Вчера вечером мы приехали в Геную, где остановились, чтобы не утомить Колю ночным путешествием и чтобы показать брату Модесту этот прелестный город. Мы только что возвратились с большой прогулки по городу. Заходили также в Pаlais Brignole, где смотрели очень изрядную галлерею. Брат мой, не так как я, очень любит и знает толк в картинах. Мне очень, очень весело и хорошо на душе. До следующего письма, милый и бесценный друг. Всеми моими счастливыми минутами обязан Вам.
Ваш П. Чайковский.
1878
74. Чайковский – Мекк
Сан-Ремо,
1/13 января 1878 г.
Возвратившись в Сан-Ремо, нашел массу писем и Вашу телеграмму, дорогая Надежда Филаретовна. На этот раз я именно от Вас узнал о победе Радецкого. Благодарю Вас и за сообщение радостного известия и за Ваши пожелания. Что бы ни случилось в наступающем году, но уж хуже прошедшего ни в каком случае он не будет. Что касается настоящего, то лучшего и желать бы нечего, если б не несчастный нрав, склонный преувеличенно видеть все нехорошее и недостаточно радоваться настоящему. В числе писем были вчера письма брата Анатолия, в которых много говорится о жене моей и обо всей этой грустной истории. Все идет хорошо, но достаточно мне было во всей подробности вспомнить все близкое прошлое, чтобы снова почувствовать себя несчастным.

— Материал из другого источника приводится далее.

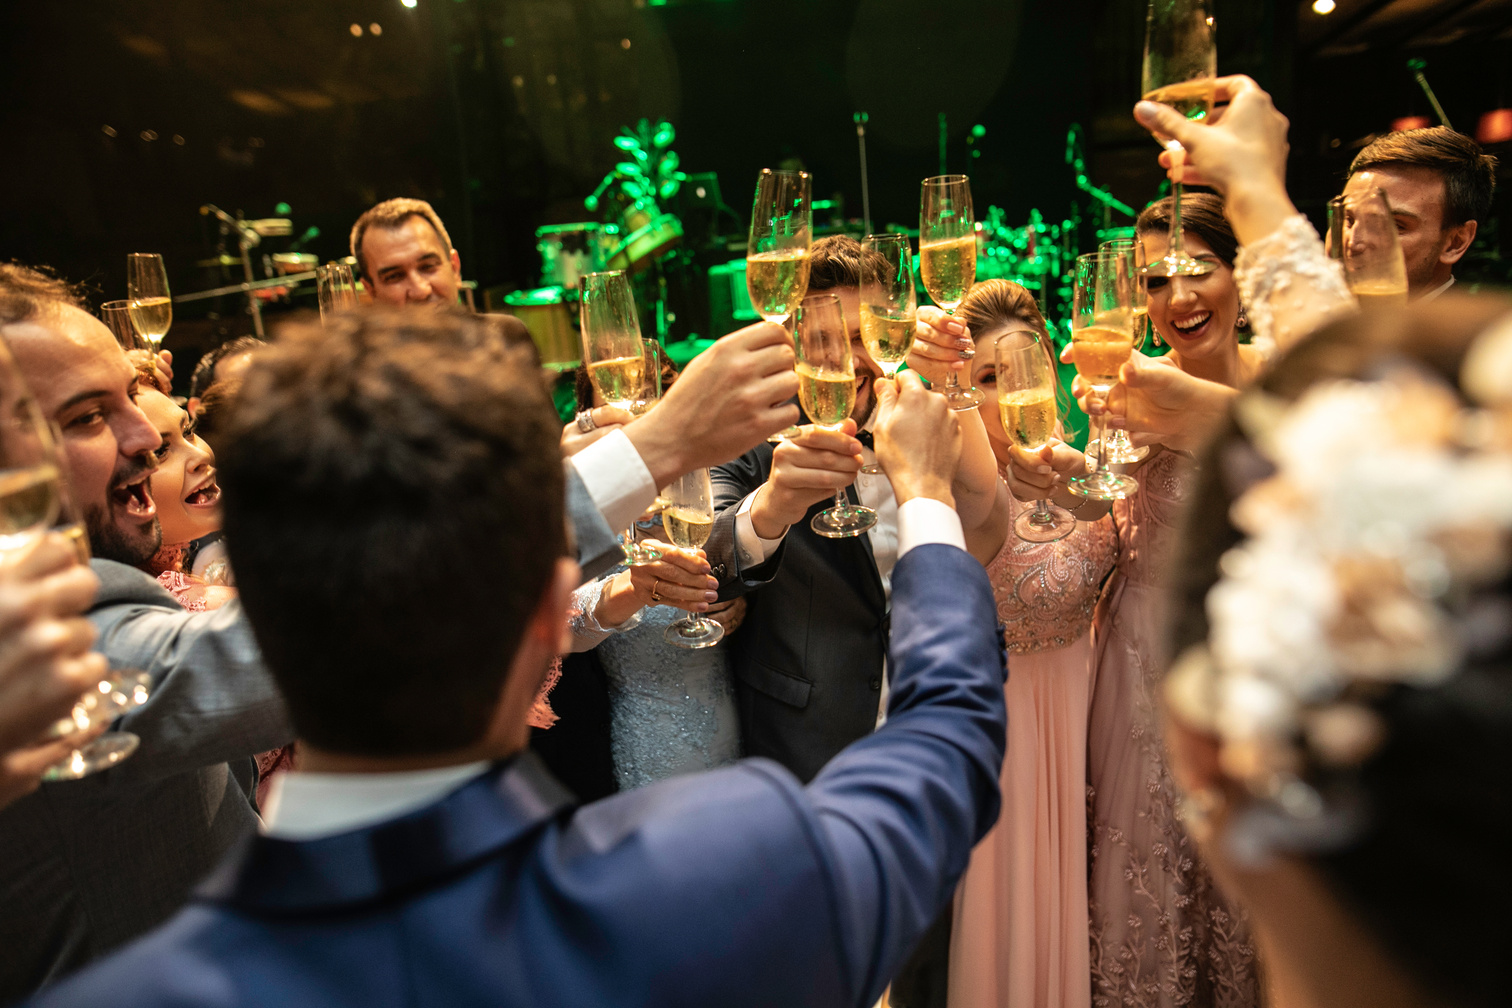 Bride, groom and wedding guests making a toast

Получил я также письмо от председателя русского отдела выставки, очень сокрушающегося о моем отказе. Меня все еще немножко мучит совесть: не эгоистично ли, не глупо ли я поступил, отказавшись от делегатства? Но все это я Вам пишу потому, что уже привык теперь писать Вам именно все. В сущности же, я счастлив совершенно. Последние дни, проведенные в Милане, в Генуе, в дороге сюда, были полны самых радостных ощущений.. Я ужасно люблю детей. Коля до бесконечности радует меня. Мне приятно было заметить, что под руководством брата он даже в те несколько месяцев, что я его не видел, уже успел сделать большие успехи и в произношении слов и в грамоте. Он очень развился. Способности его и особенно память поразительны. Чрезвычайно интересно наблюдать за таким умным ребенком, поставленным вследствие своего недостатка в столь исключительное положение. Что касается его нрава, его доброты, ласковости, нежности, то это один из самых лучших человеческих субъектов, когда-либо мною виденных. В сумме, это – существо, созданное для того, чтобы внушать всем окружающим любовь и нежность.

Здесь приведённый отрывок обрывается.